Treatments for BDD
The symptoms of BDD can get better with treatment.
- if you have relatively mild symptoms of BDD you should be referred for a type of talking therapy called cognitive behavioural therapy (CBT), which you have either on your own or in a group
- if you have moderate symptoms of BDD you should be offered either CBT or a type of antidepressant medication called a selective serotonin reuptake inhibitor (SSRI)
- if you have more severe symptoms of BDD, or other treatments don't work, you should be offered CBT together with an SSRI
Cognitive behavioural therapy (CBT)
CBT can help you manage your BDD symptoms by changing the way you think and behave. It helps you learn what triggers your symptoms, and teaches you different ways of thinking about and dealing with your habits.
You and your therapist will agree on goals for the therapy and work together to try to reach them.

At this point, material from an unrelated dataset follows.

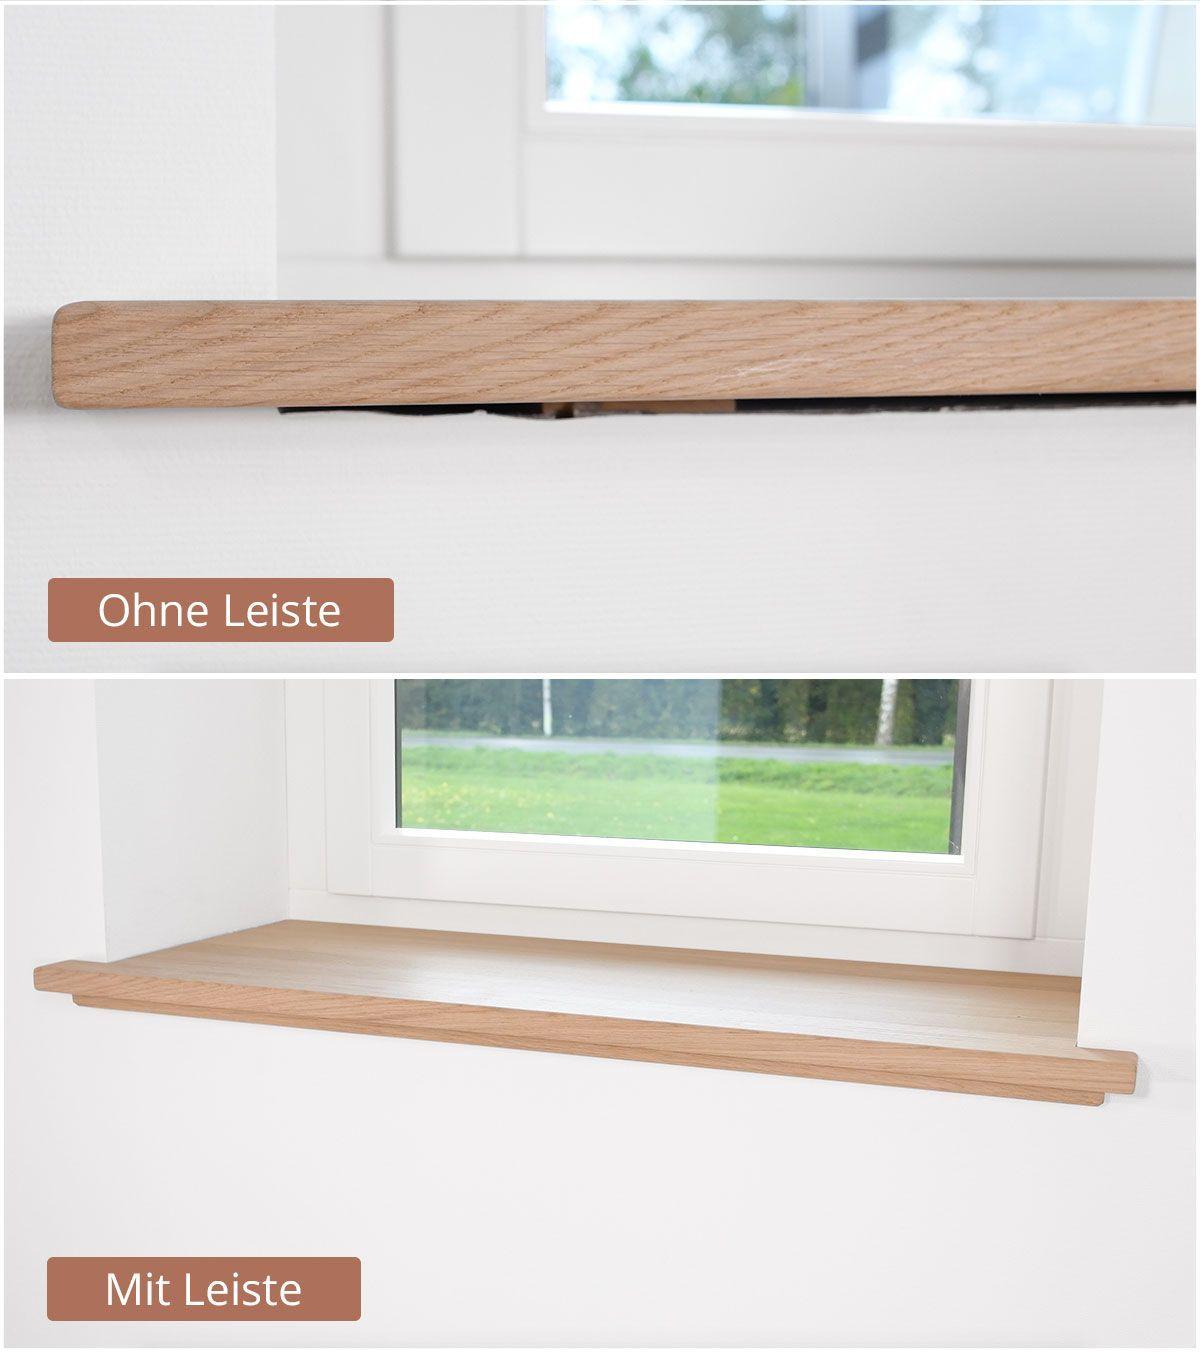 Fensterbank Holz Eiche Eiche Fensterbank Holz In 2020 Fensterbanke Holz Holzarten Eiche

CBT for treating BDD will usually include a technique known as exposure and response prevention (ERP). This involves gradually facing situations that would normally make you think obsessively about your appearance and feel anxious. Your therapist will help you to find other ways of dealing with your feelings in these situations so that, over time, you become able to deal with them without feeling self-conscious or afraid.
You may also be given some self-help information to read at home and your CBT might involve group work, depending on your symptoms.
CBT for children and young people will usually also involve their family members or carers.
Selective serotonin reuptake inhibitors (SSRIs)
SSRIs are a type of antidepressant. There are a number of different SSRIs, but the one most commonly used to treat BDD is called fluoxetine.
It may take up to 12 weeks for SSRIs to have an effect on your BDD symptoms. If they work for you, you will probably be asked to keep taking them for several months to improve your symptoms further and stop them coming back.
There are some common side effects of taking SSRIs, but these will often pass within a few weeks. Your doctor will keep a close eye on you over the first few weeks. It's important to tell them if you're feeling particularly anxious or emotional, or are having thoughts of harming yourself.
If you are no longer having any symptoms, you will probably be taken off SSRIs. This will be done by slowly reducing your dose over time to help make sure your symptoms don't come back (relapse) and to avoid any side effects of coming off the drug (withdrawal symptoms), such as anxiety.
Adults younger than 30 will need to be carefully monitored when taking SSRIs as they may have a higher chance of developing suicidal thoughts or trying to hurt themselves in the early stages of treatment.
Children and young people may be offered an SSRI if they are having severe symptoms of BDD. Medication should only be suggested after they have seen a psychiatrist and been offered therapy.
Further treatment
If treatment with both CBT and an SSRI has not improved your BDD symptoms after 12 weeks, you may be prescribed a different type of SSRI or another antidepressant called clomipramine.
If you don't see any improvements in your symptoms, you may be referred to a mental health clinic or hospital that specialises in BDD, such as the National OCD/BDD Service in London.
These services will probably do a more in-depth assessment of your BDD. They may offer you more CBT or a different kind of therapy, as well as a different kind of antidepressant.